DATA BELOW section start

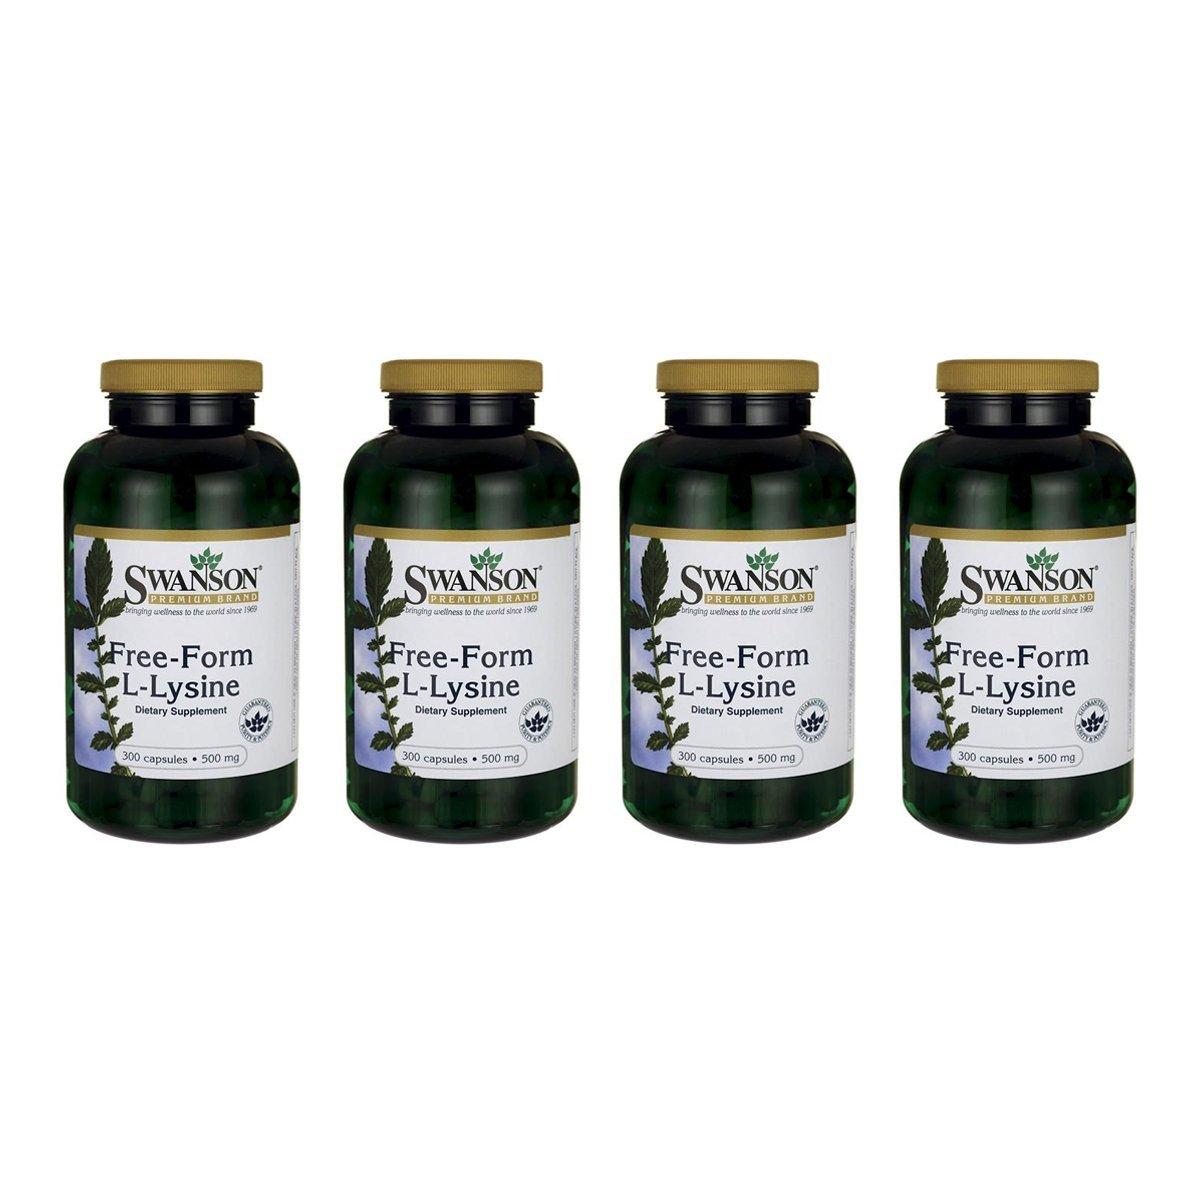 Swanson Free-Form L-Lysine 500 mg 300 Caps 4 Pack
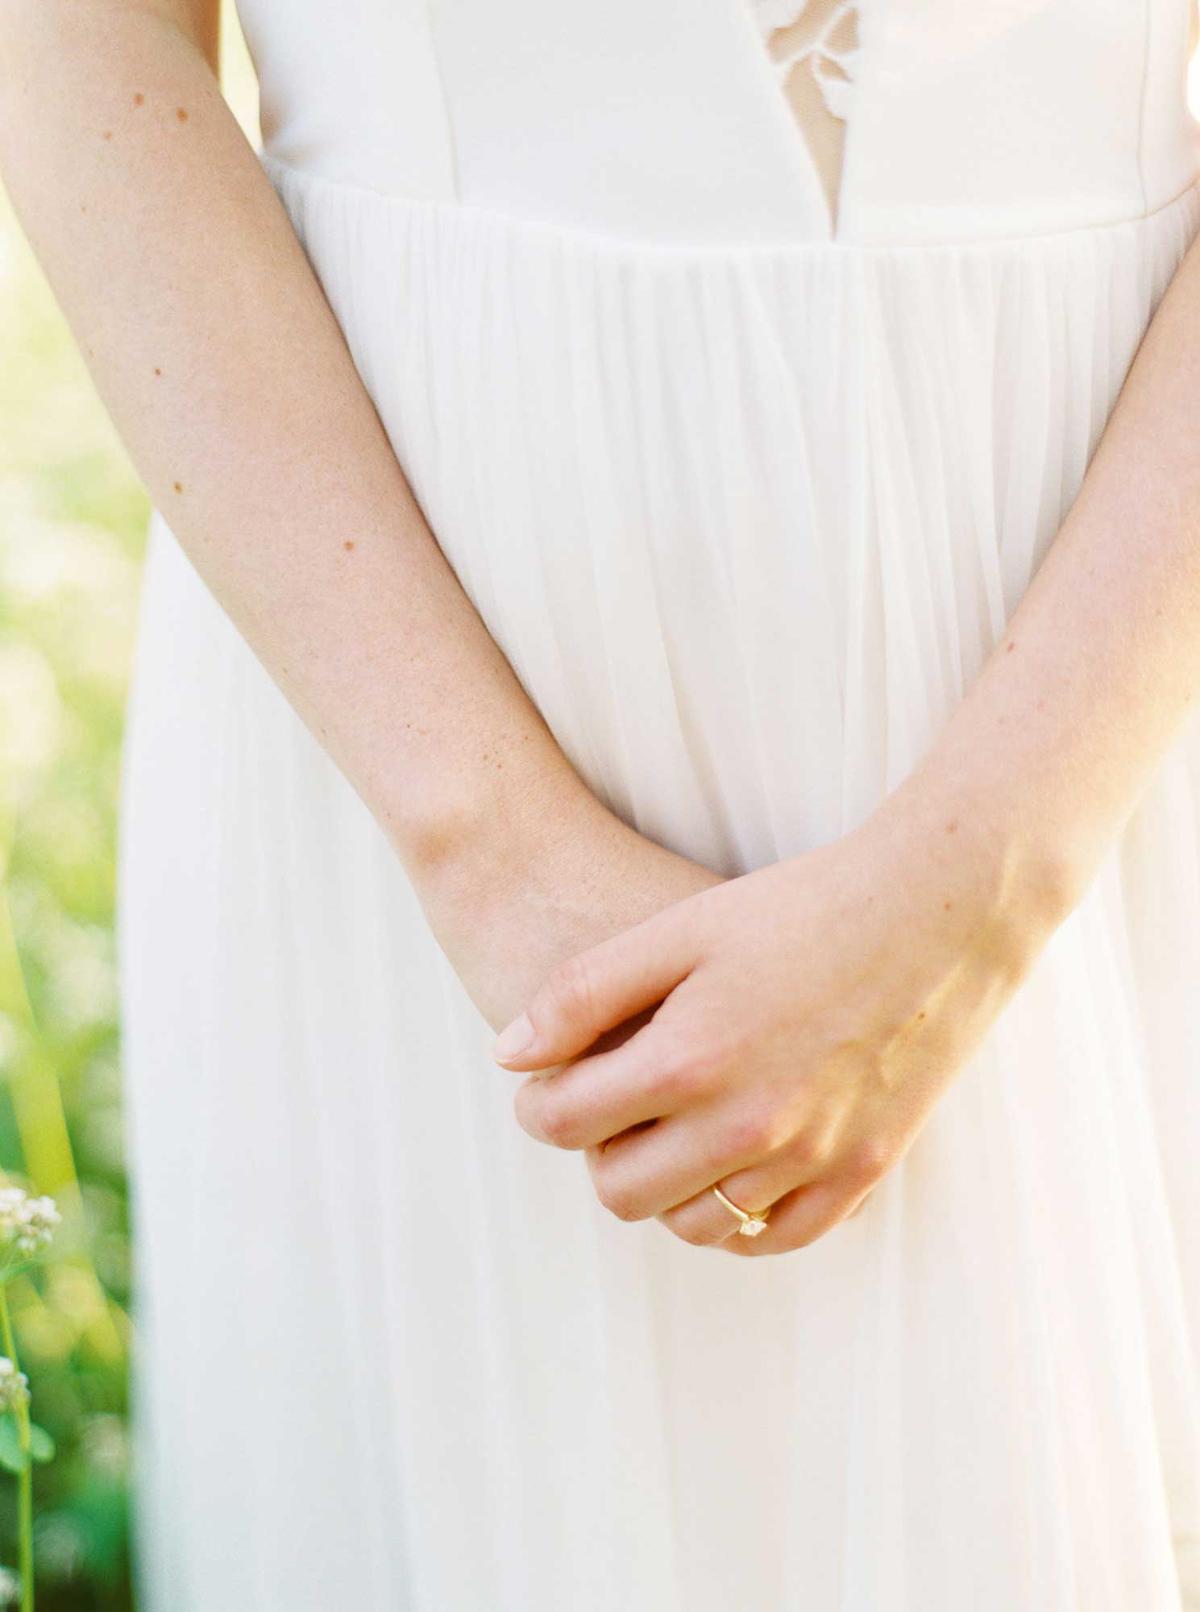 kayla-yestal-vineyard-bride-swish-list-woodland-weddings-niagara-wedding-editorial-44.jpg
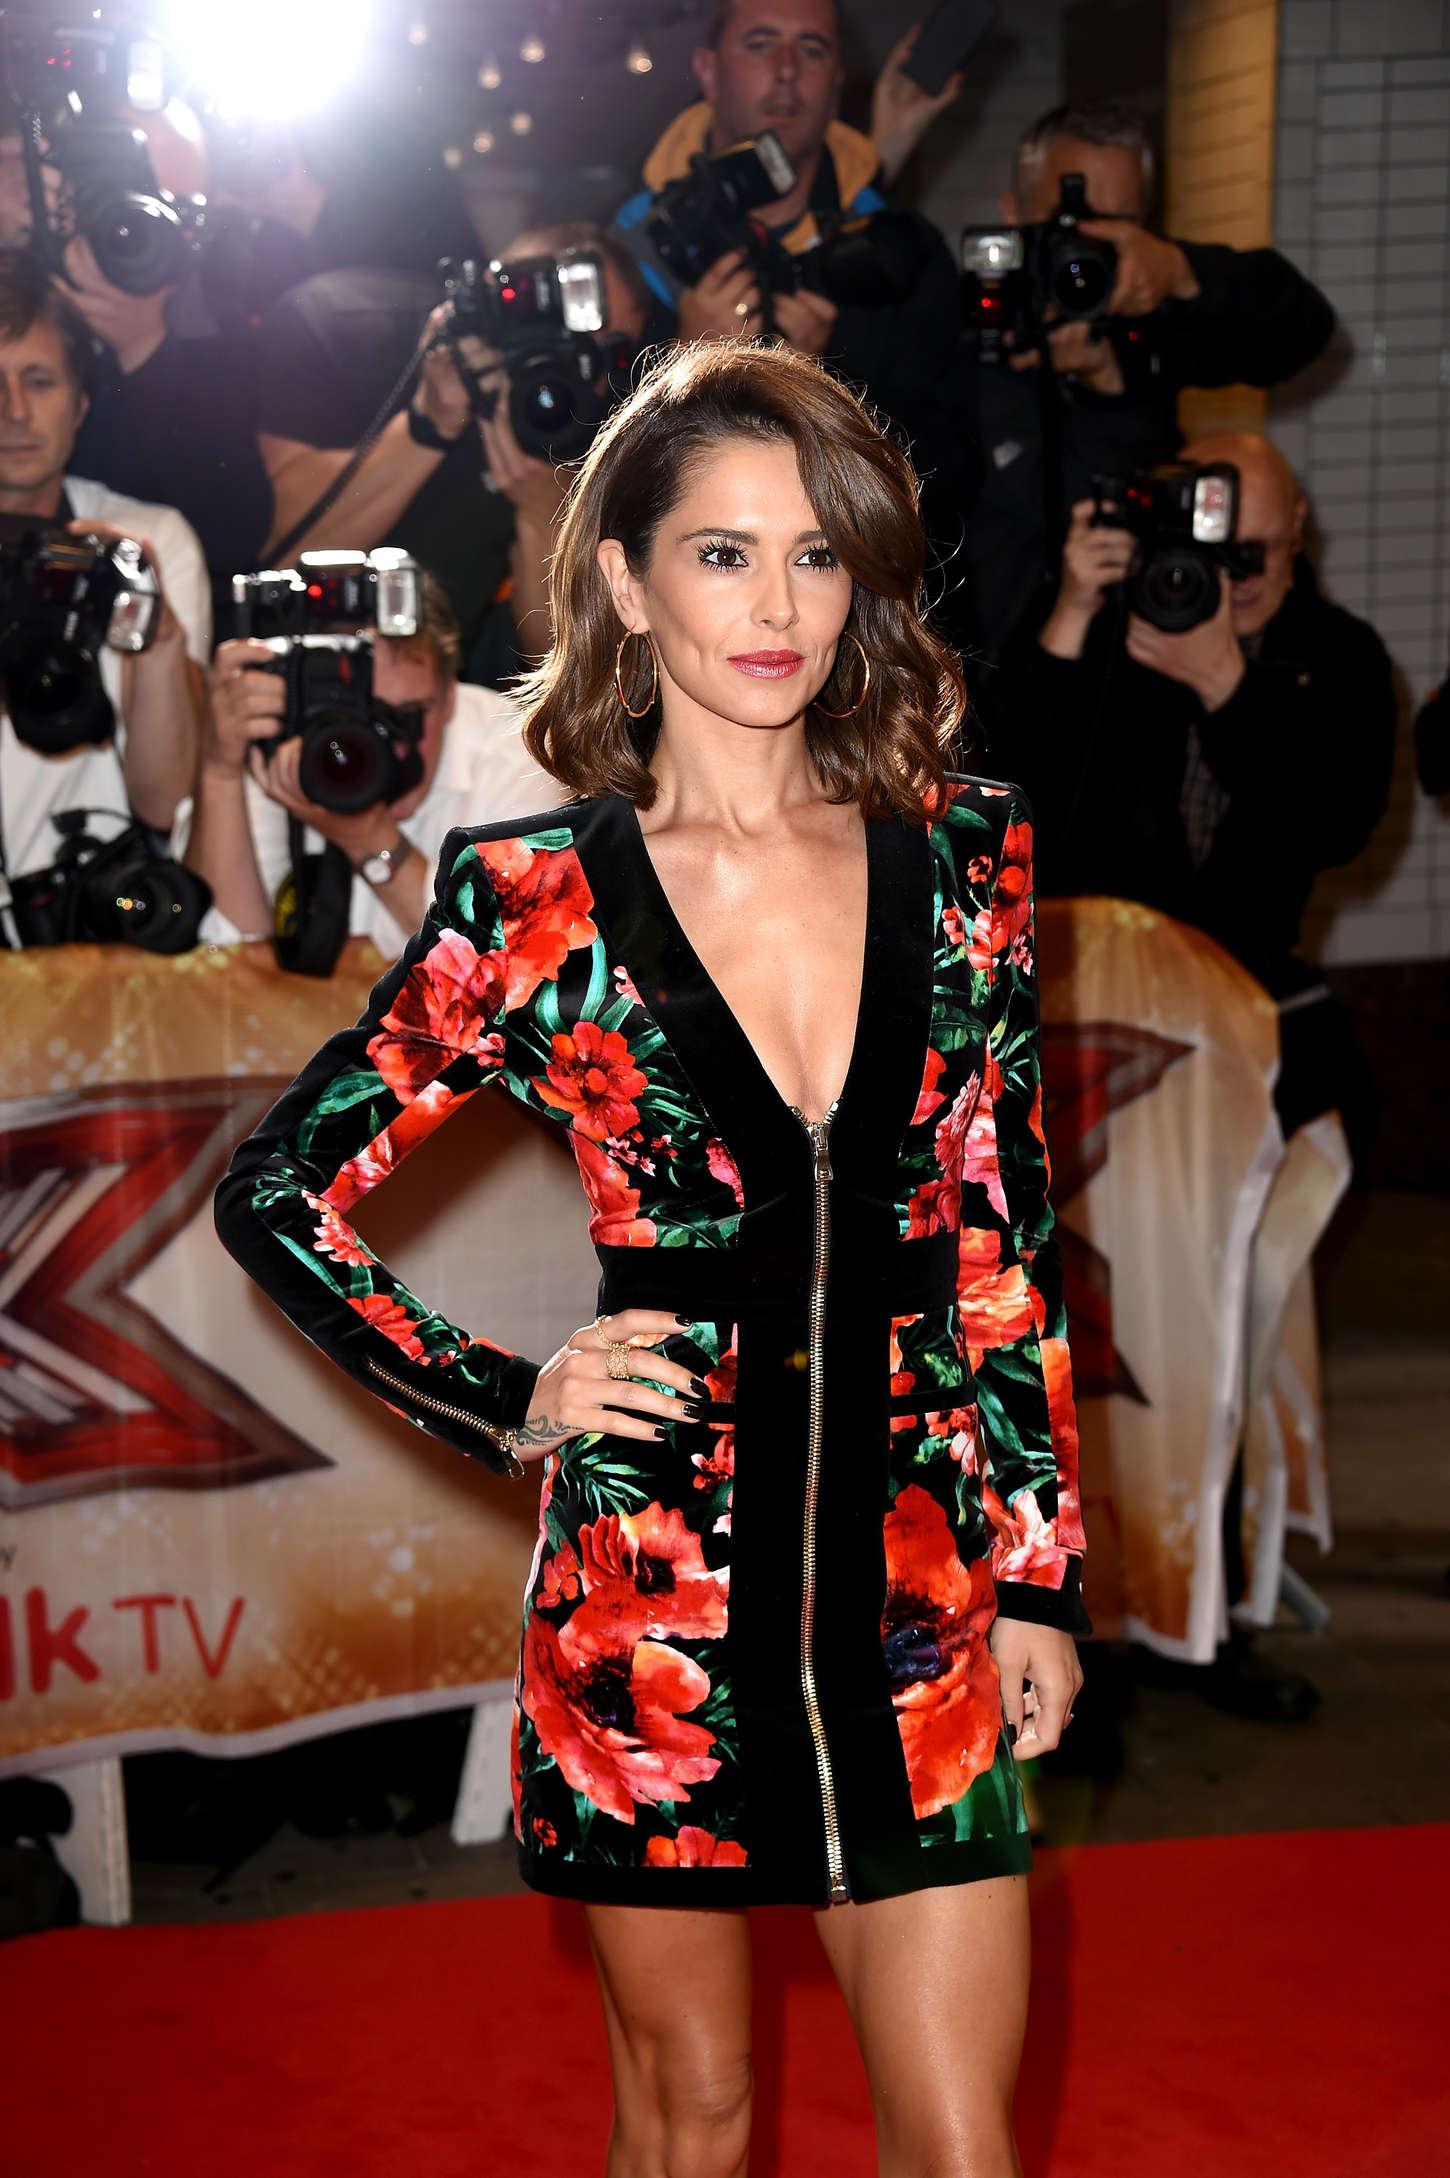 Cheryl Fernandez-Versini The X Factor Press Launch in London

DATA BELOW section end

TASK TO CARRY OUT » A faithful, word-for-word copy of the data is needed; the pictures should not appear in it.

RESPONSE FOR THIS EXERCISE »
 Swanson Free-Form L-Lysine 500 mg 300 Caps 4 Pack
 kayla-yestal-vineyard-bride-swish-list-woodland-weddings-niagara-wedding-editorial-44.jpg
 Cheryl Fernandez-Versini The X Factor Press Launch in London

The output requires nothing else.